From: Mike Snitzer <snitzer@redhat.com>
To: "Martin K. Petersen" <martin.petersen@oracle.com>, axboe@kernel.dk
Cc: dm-devel@redhat.com, linux-kernel@vger.kernel.org, mpatocka@redhat.com
Subject: Re: [RFC PATCH] bio integrity: do not assume bio_integrity_pool exists if bioset exists
Date: Tue, 7 Jul 2015 01:00:15 -0400 [thread overview]
Message-ID: <20150707050015.GB10269@redhat.com> (raw)
In-Reply-To: <20150701165740.GA1573@redhat.com>
[-- Attachment #1: Type: text/plain, Size: 8376 bytes --]
On Wed, Jul 01 2015 at 12:57pm -0400,
Mike Snitzer <snitzer@redhat.com> wrote:
> bio_integrity_alloc() and bio_integrity_free() assume that if a bio was
> allocated from a bioset that that bioset also had its bio_integrity_pool
> allocated using bioset_integrity_create(). This is a very bad
> assumption given that bioset_create() and bioset_integrity_create() are
> completely disjoint. Not all callers of bioset_create() have been
> trained to also call bioset_integrity_create() -- and they may not care
> to be.
>
> Fix this by falling back to kmalloc'ing 'struct bio_integrity_payload'
> rather than force all bioset consumers to (wastefully) preallocate a
> bio_integrity_pool that they very likely won't actually need (given the
> niche nature of the current block integrity support).
>
> Otherwise, a NULL pointer "Kernel BUG" with a trace like the following
> will be observed (as seen on s390x using zfcp storage) because dm-io
> doesn't use bioset_integrity_create() when creating its bioset:
>
> [ 791.643338] Call Trace:
> [ 791.643339] ([<00000003df98b848>] 0x3df98b848)
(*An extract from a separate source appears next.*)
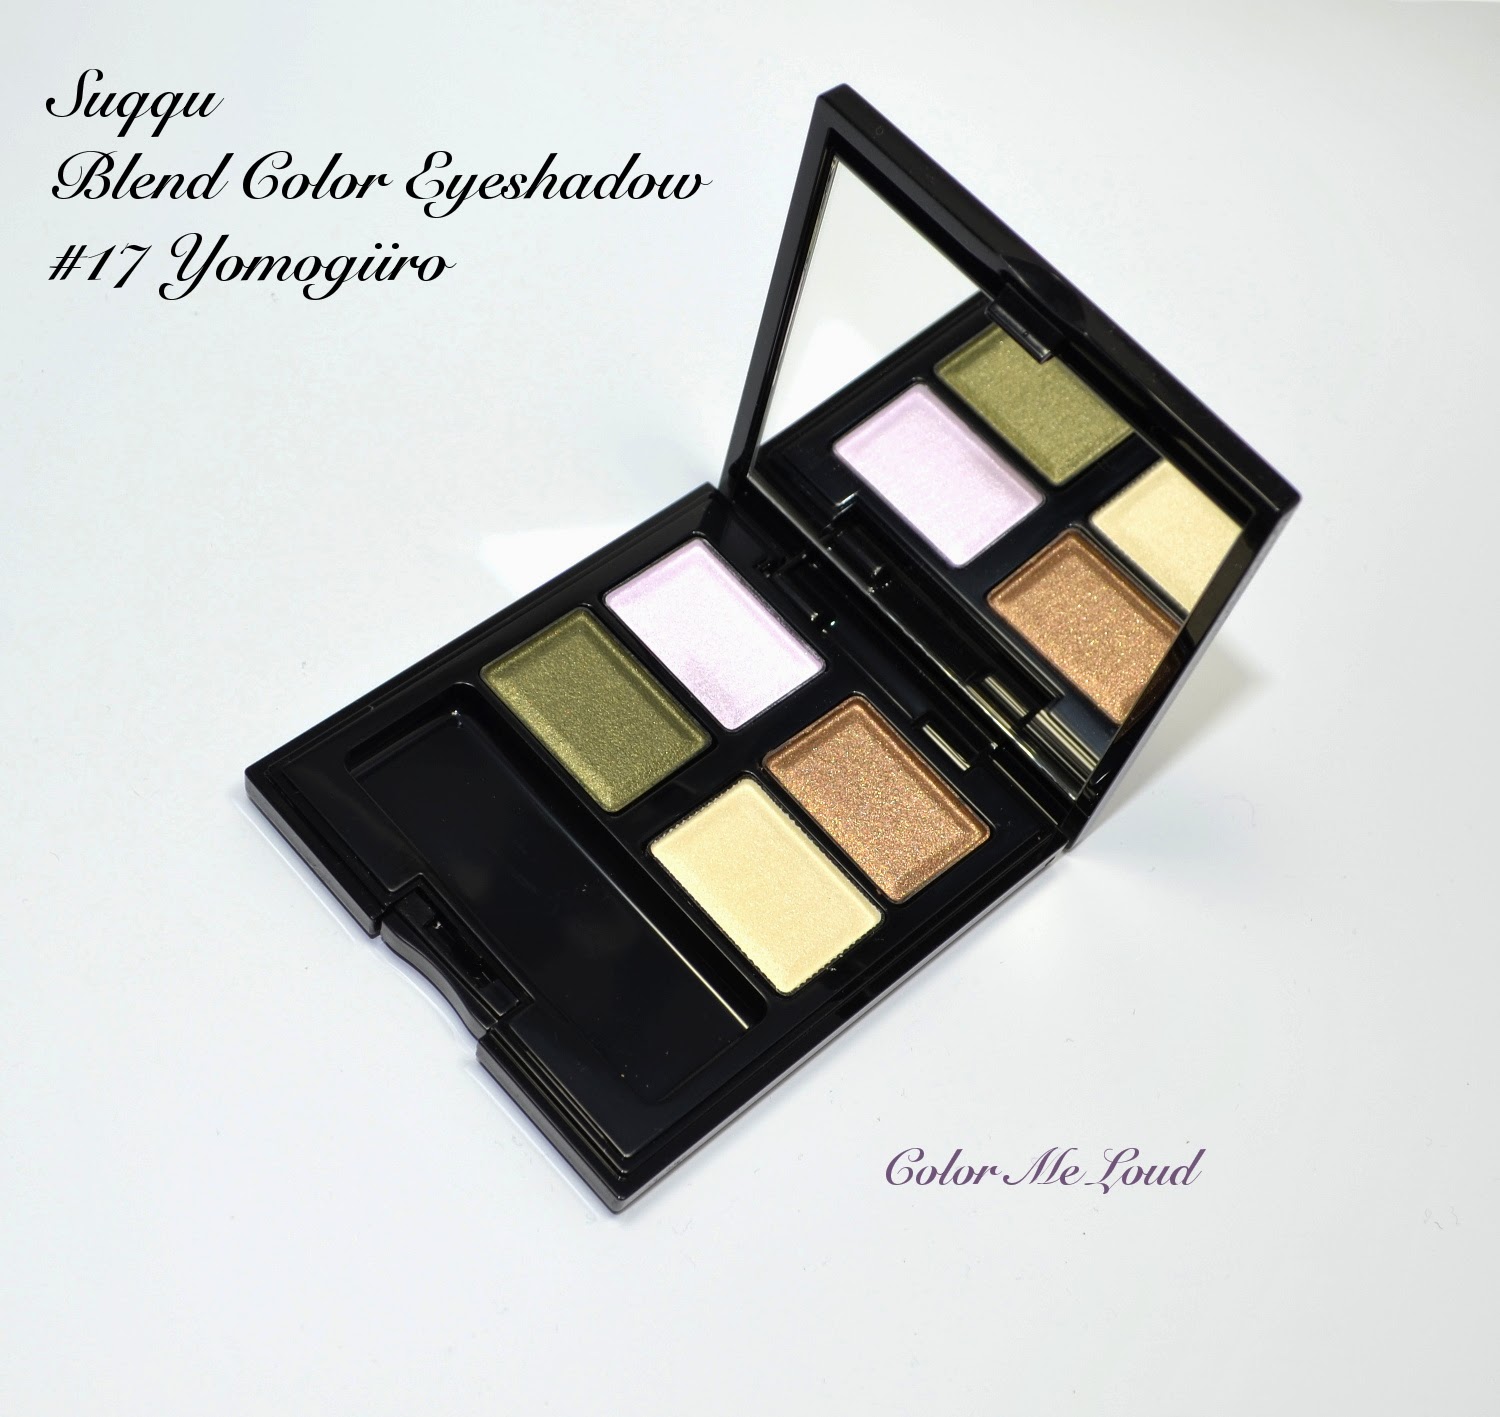 Suqqu Blend Color Eyeshadow #17 Yomogiiro for Spring 2014, FOTD, Swatch & Review

> [ 791.643341] [<00000000002c5de8>] bio_integrity_alloc+0x48/0xf8
> [ 791.643348] [<00000000002c6486>] bio_integrity_prep+0xae/0x2f0
> [ 791.643349] [<0000000000371e38>] blk_queue_bio+0x1c8/0x3d8
> [ 791.643355] [<000000000036f8d0>] generic_make_request+0xc0/0x100
> [ 791.643357] [<000000000036f9b2>] submit_bio+0xa2/0x198
> [ 791.643406] [<000003ff801f9774>] dispatch_io+0x15c/0x3b0 [dm_mod]
> [ 791.643419] [<000003ff801f9b3e>] dm_io+0x176/0x2f0 [dm_mod]
> [ 791.643423] [<000003ff8074b28a>] do_reads+0x13a/0x1a8 [dm_mirror]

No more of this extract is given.